Material provided Block Start

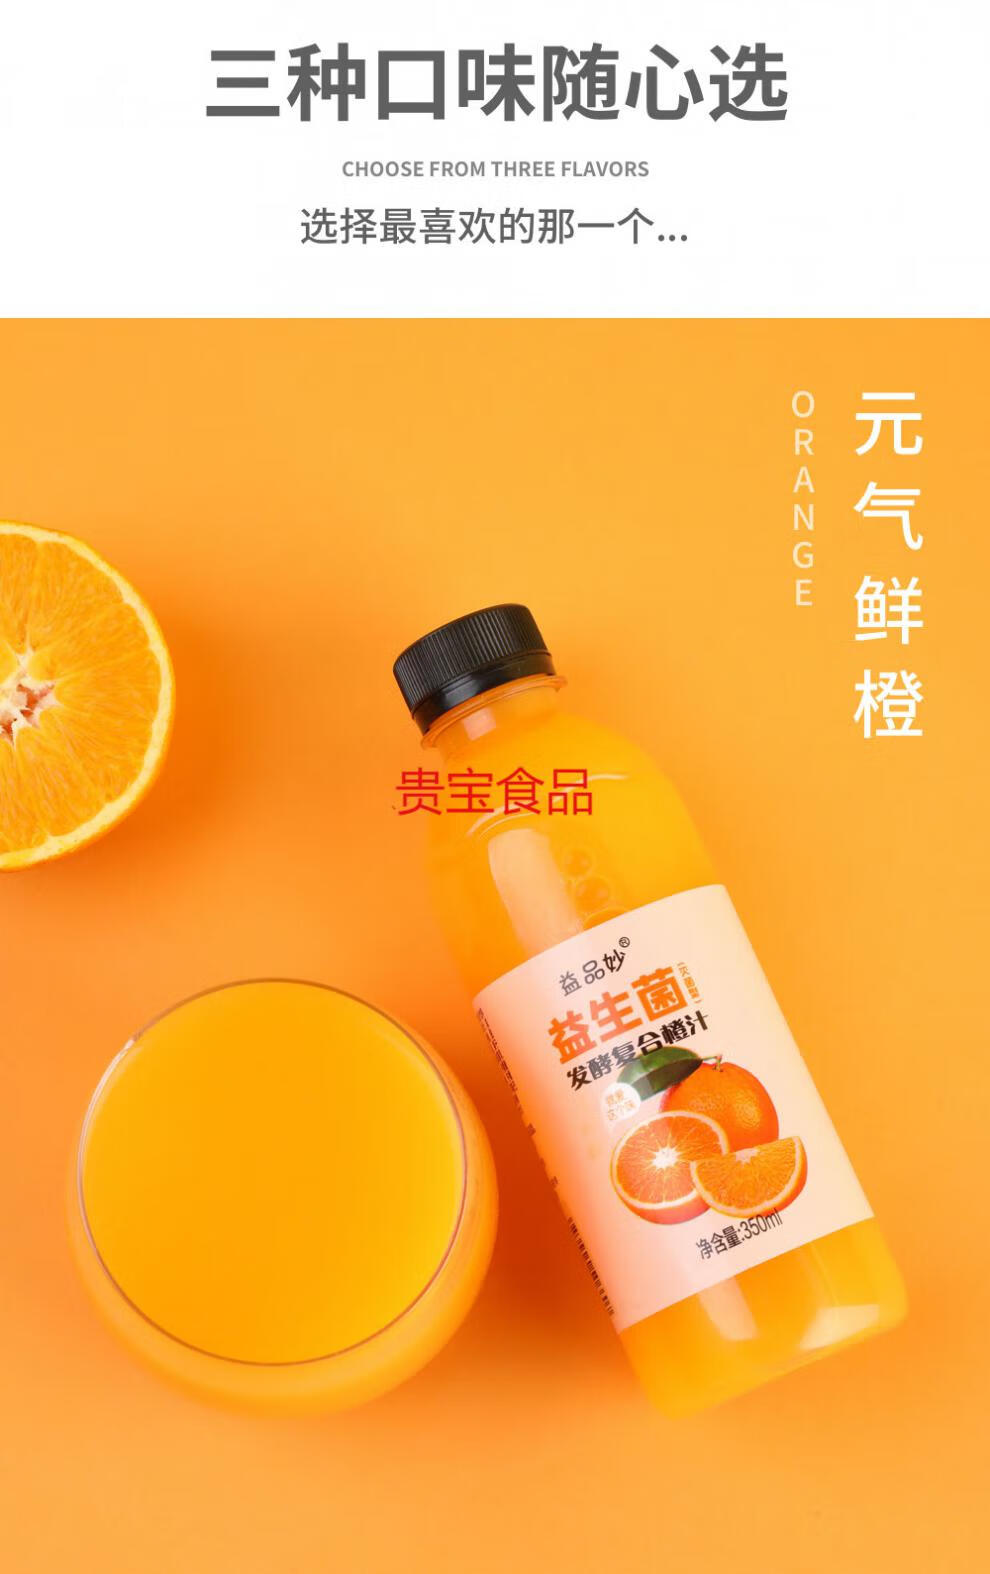 果汁饮料芒果鲜橙350ml猕猴桃小瓶混装整箱批益生菌6瓶三种口味混装
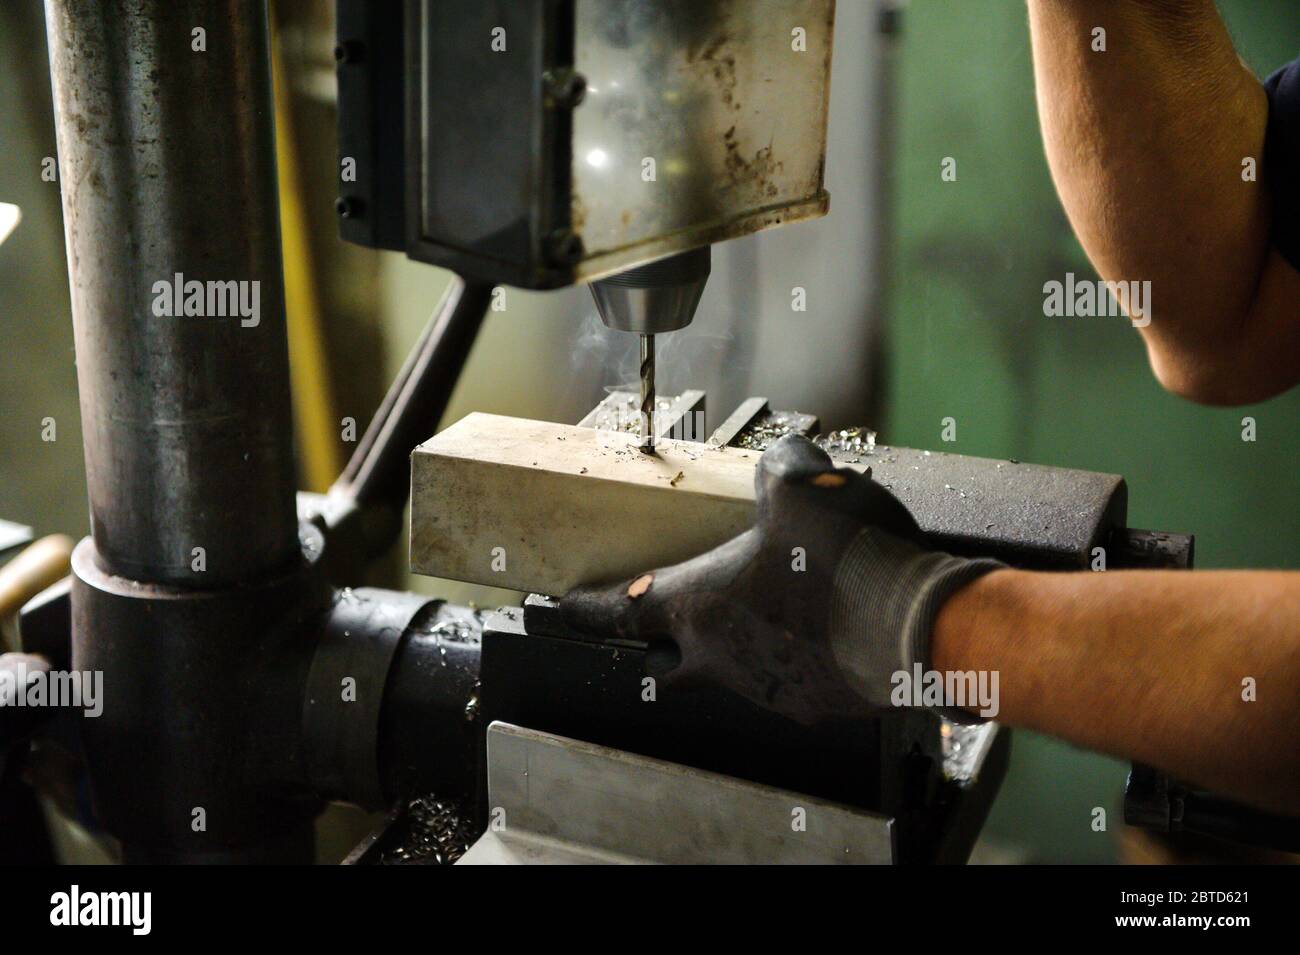 Arbeiter bohren einen Aluminiumblock auf einer großen industriellen Bohrmaschine in einer Werkstatt in der Nähe seiner Handschuhhandschuhen Stockfoto
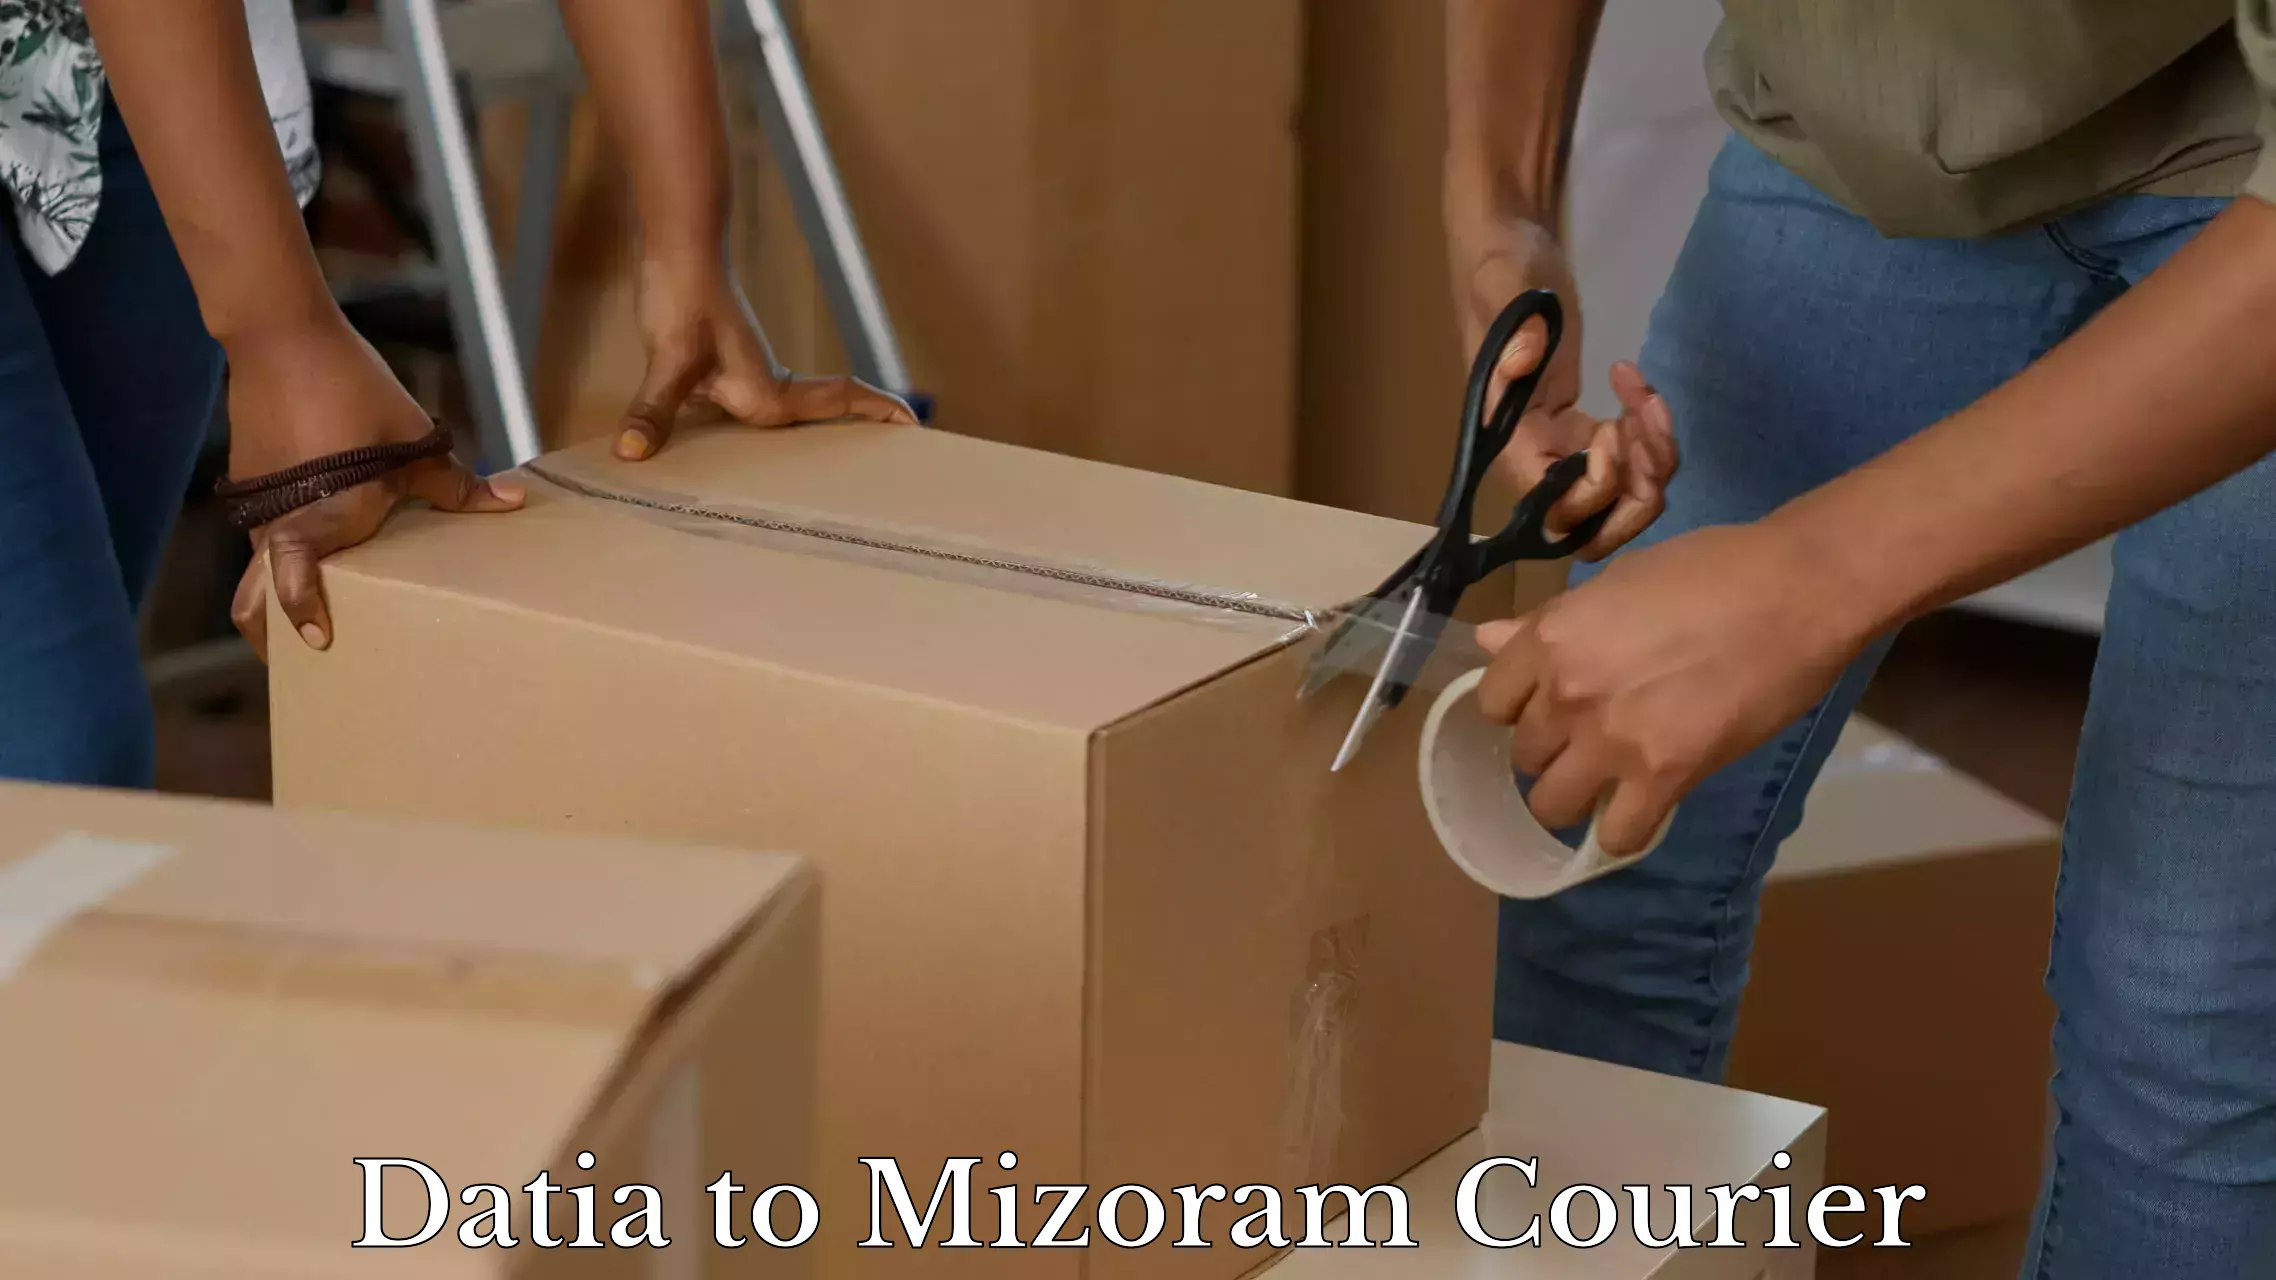 Luggage shipment specialists Datia to Mizoram

Material provided Block End

> _Task to complete_
Omit every picture while copying the listing above exactly.

> _Problem solution_
 果汁饮料芒果鲜橙350ml猕猴桃小瓶混装整箱批益生菌6瓶三种口味混装
 Arbeiter bohren einen Aluminiumblock auf einer großen industriellen Bohrmaschine in einer Werkstatt in der Nähe seiner Handschuhhandschuhen Stockfoto
 Luggage shipment specialists Datia to Mizoram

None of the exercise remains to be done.